Usage and citation analysis
Metascape has been in development since 2014, and a beta version of the software was initially released in late 2015. The portal usage data, as well as feedback from users, have been decisive in correcting or refining underlying concepts that drove the architectural design and features of Metascape. Some usage statistics are particularly enlightening. Among all recently recorded analysis sessions, ~78% users chose Express Analysis over Custom Analysis, implying that Express Analysis successfully captures a set of core algorithms and settings suitable for the majority of analysis needs. Six percent of analyses contained more than one gene list, indicating a demand for meta-analysis in the current research landscape. Data collected on input identifier types indicates gene symbol and synonyms are the most widely used (77%), followed by Ensembl identifiers (11%), Entrez Gene ID (4%), and RefSeq (3%). The remaining IDs are mostly UniProt IDs and model-organism-specific IDs. Microarray IDs are hardly used (<0.2%), likely reflecting the shift of the gene expression technology platform from microarrays to next-generation sequencing. About 63% of analyses were performed using human identifiers, followed by 31% using mouse. Other model organisms such as D. rerio, R. norvegicus, A. thalianai, etc. accounted for the remainder. Interestingly, 3% usage took advantage of the ortholog mapping feature to mostly cast mouse/rat gene lists into human context for analysis. These data validate a need to support multiple gene/protein identifiers and multiple model organisms.

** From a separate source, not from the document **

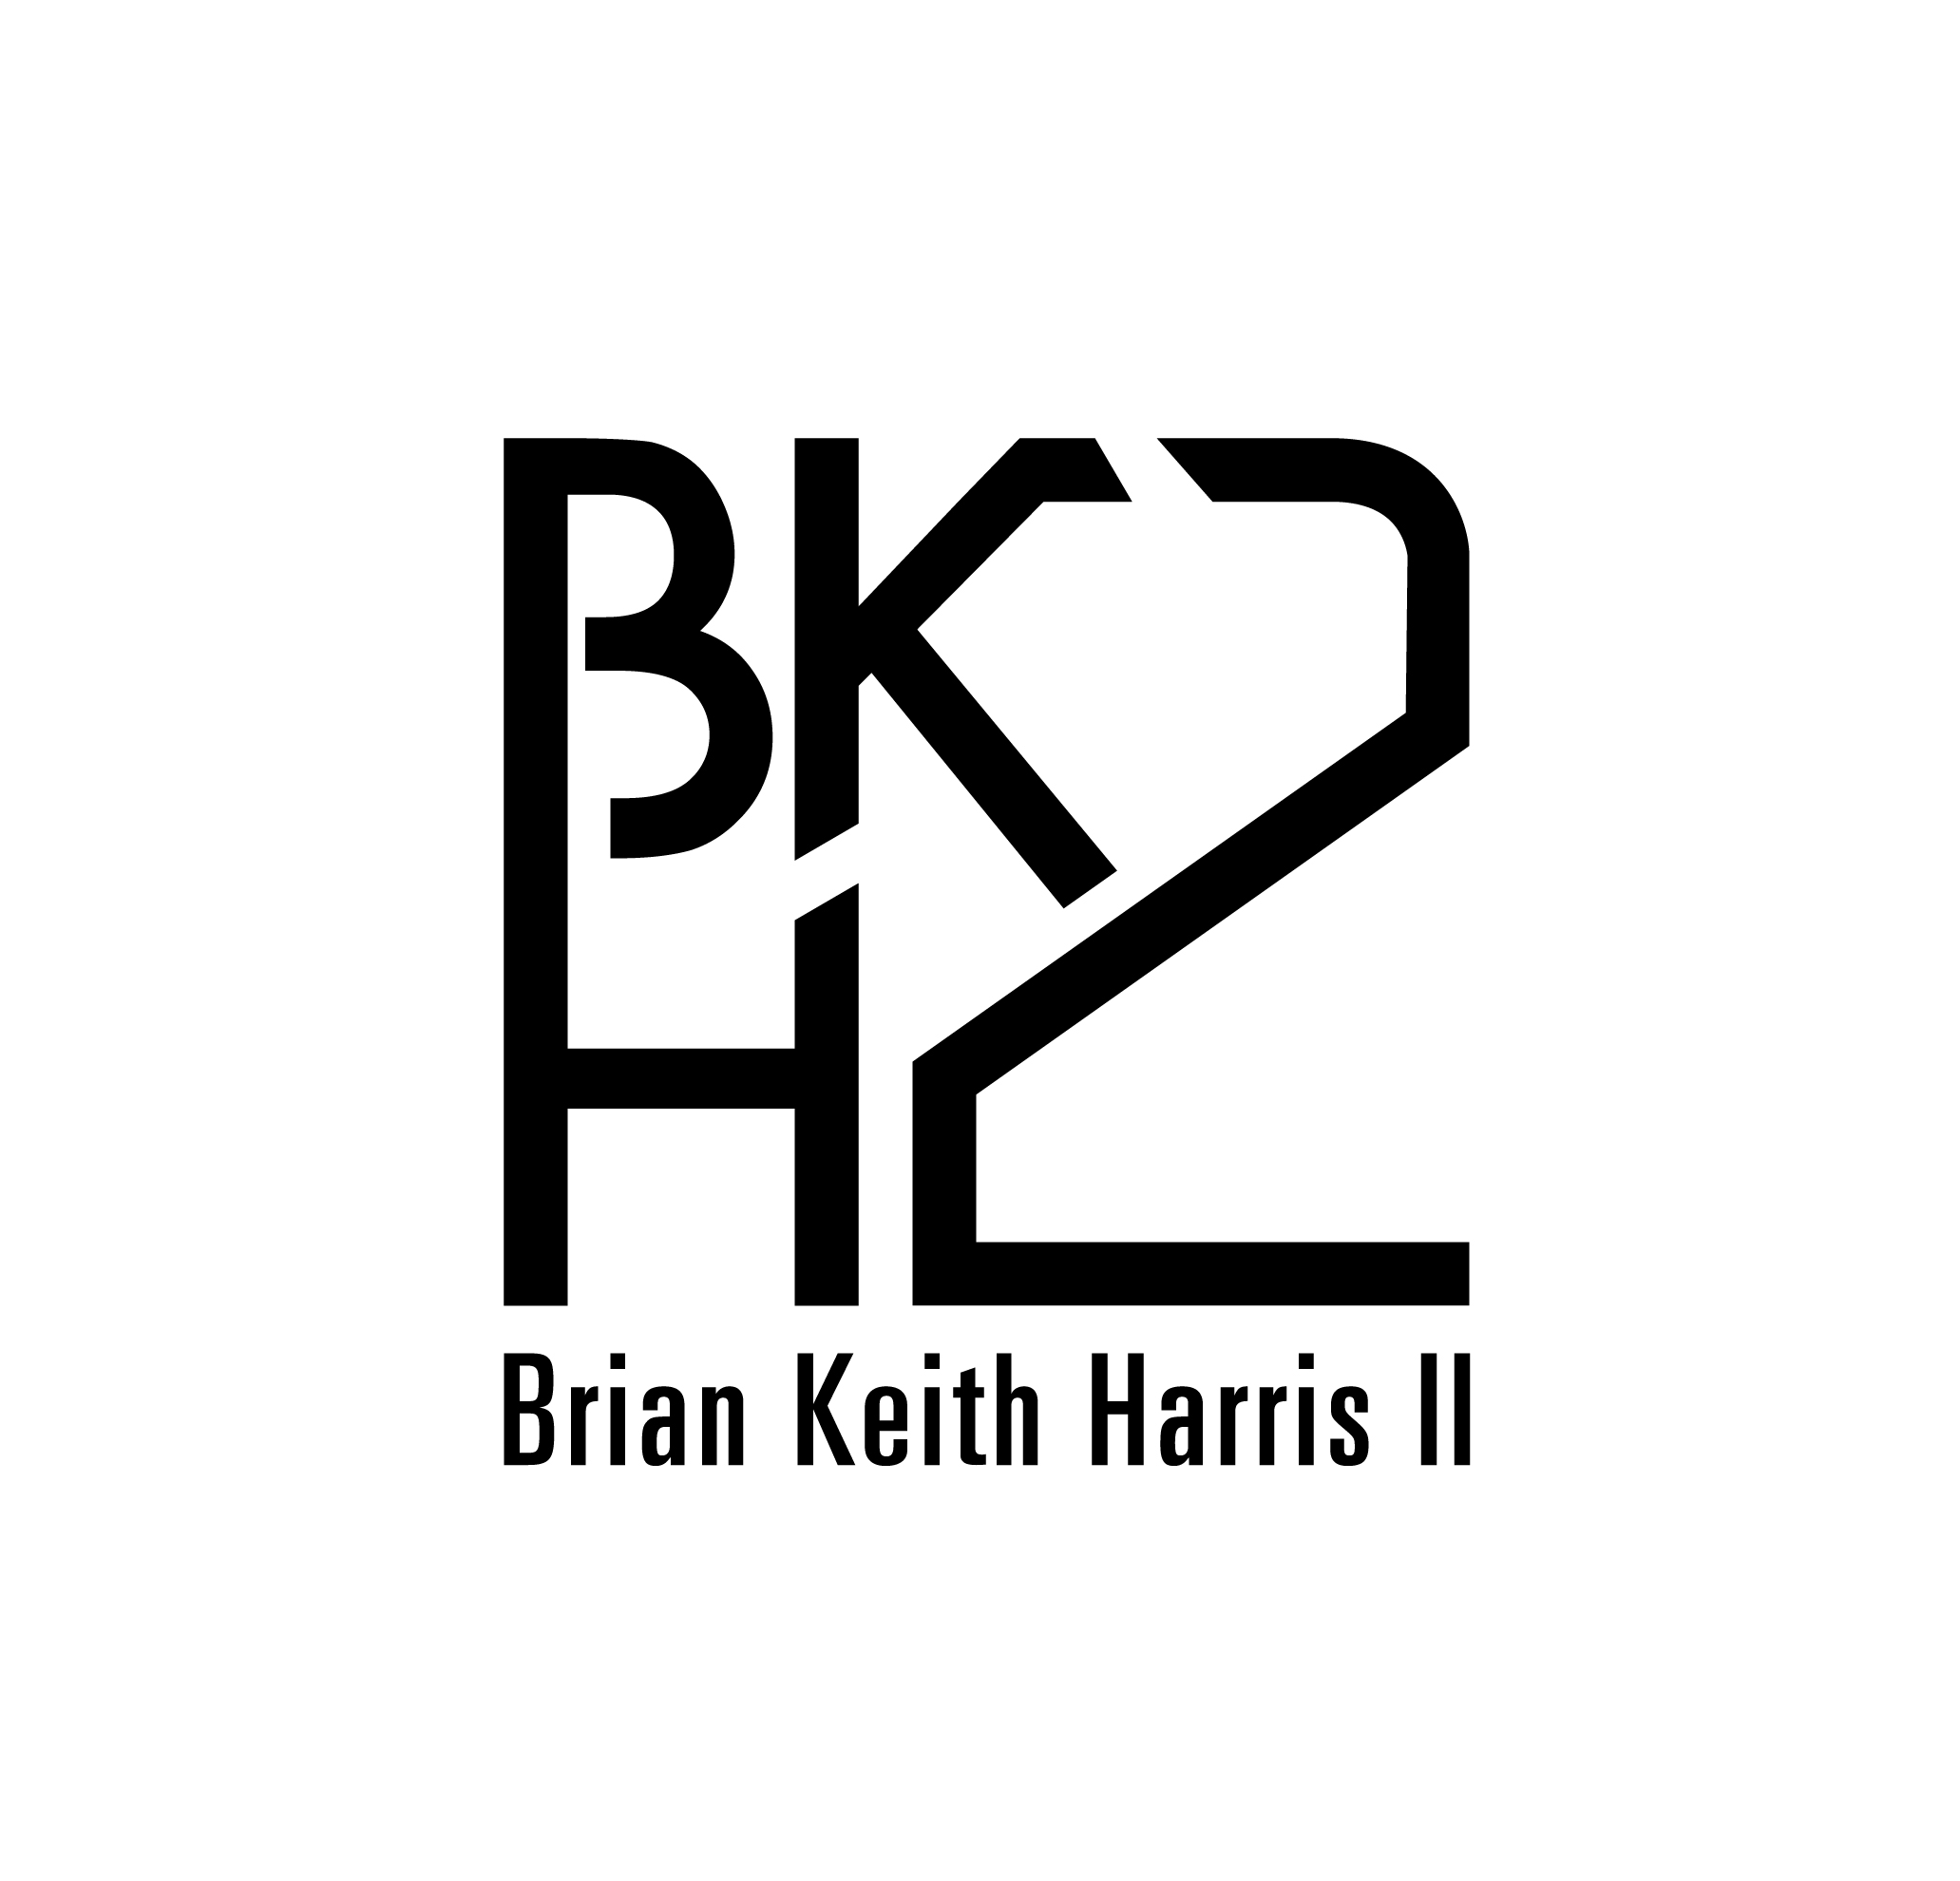 Brian Keith Harris

At the time of writing, our citation survey using Google Scholar identified 62% of the citations have adopted Metascape graphical outputs directly in publications (Supplementary Data 5), underscoring the utility of tools that generate high-quality data visualizations (Fig. 5a). The top three most used visualizations are the enrichment bar graph, enrichment network, and enrichment heatmap, highlighting the utility of the tool for functional enrichment analyses (Fig. 5b). In addition to graphical outputs, Metascape analysis generates two Excel spreadsheets providing gene annotation and functional enrichment results (Supplementary Data 3, 4, Supplementary Figure 7). These data outputs have been directly used in over 16% of publications as supplementary materials to support analysis conclusions (Supplementary Data 5). Since Circos plots and enrichment heatmaps are two visualization tools specifically designed for multiple gene lists only, and a bar graph is only used for a single gene list, we estimated that 70% of the published studies studied a single gene list and 30% studied multiple gene lists. This finding, together with our web portal usage data, highlight the increasing usage of multi-OMICs approaches in current studies, and suggest that meta-analysis has become an important tool for the analysis of OMICs datasets.

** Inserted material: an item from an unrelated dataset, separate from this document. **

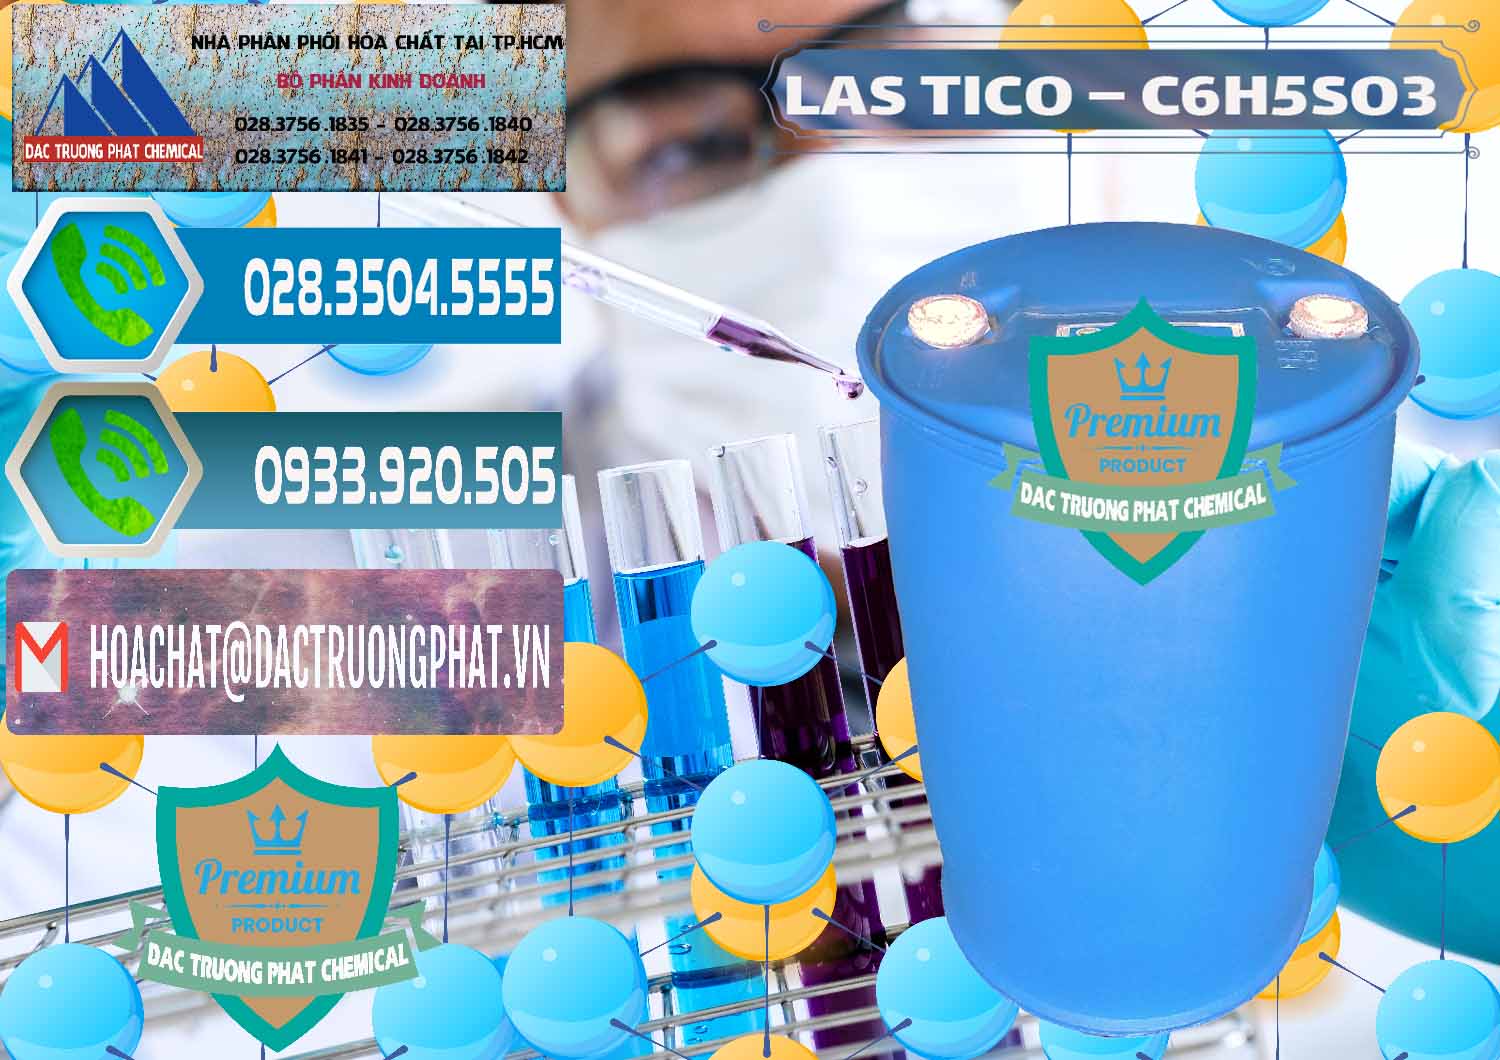 Nơi chuyên cung cấp - bán Chất tạo bọt Las H Tico Việt Nam - 0190 - Chuyên kinh doanh - cung cấp hóa chất tại TP.HCM - congtyhoachat.net

The systematic categorization of genes by their functions by the Gene Ontology Consortium (GO) has initiated the widespread practice of functional enrichment analysis; many portals have been developed over the years and have led to the continual refinement of gene list analysis algorithms39,40,41. Metascape was not developed to replace existing specialized tools, but to provide a pipeline to assimilate many of the powerful features of these analysis platforms to enable integrative, end-to-end analysis of OMICs-level datasets.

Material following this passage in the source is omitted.